Белая буква «С» в синем ромбе — эмблема «Сотера». Динка знала, зачем пришли эти люди.
Она отпрянула от окна. Рванулась к выходу, но налетела на стул и с грохотом упала вместе с ним. Содрала кожу на обоих коленях и зашипела от боли. Сделала попытку встать — внезапно закружилась голова и резко потемнело в глазах. А в этой темноте раздались звуки: в прихожей щелкнул замок и на разные голоса зазвучала обувь — каблуки, твердая подошва, мягкая подошва.
Перед глазами Динки вмиг прояснилось.
«Ни за что! Ни за что, ни за что, ни за что!»
Она вскочила на ноги, оттолкнув стул. Тот с треском ударился о ножку стола, выдавая Динку гостям, и Динка побежала.

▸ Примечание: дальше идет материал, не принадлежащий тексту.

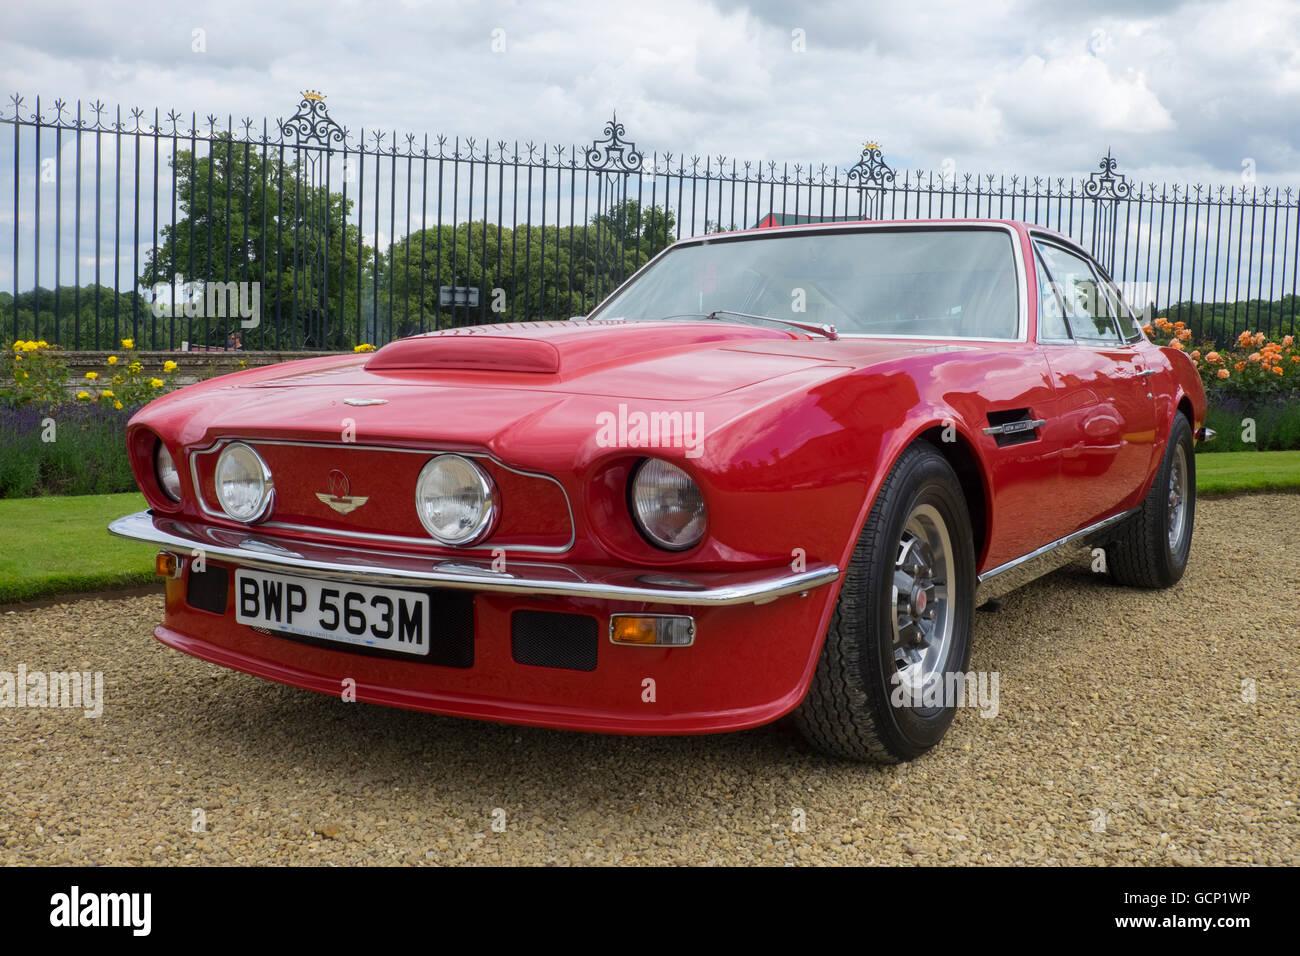 Vintage Red Aston Martin Stock Photo Alamy

Она вылетела из кухни, но споткнулась о порог и потеряла один тапок. Чудом удержавшись на ногах, замедлилась ровно настолько, чтобы краем глаза увидеть в прихожей людей: офисный костюм Таисии, очки седоголового, белые халаты. Вместо того чтобы возвращать потерянный тапок, сбросила с ноги второй и стремглав рванула по коридору к своей комнате, шлепая босыми ногами по линолеуму.
— Это она! — ударил ей в спину голос Таисии, а следом раздался топот как минимум двух пар ног.
Динка влетела в комнату и задвинула щеколду. Попятилась, когда дверь под напором дрогнула. Девочка застыла, беспомощно глядя на местами облупленную поверхность двери.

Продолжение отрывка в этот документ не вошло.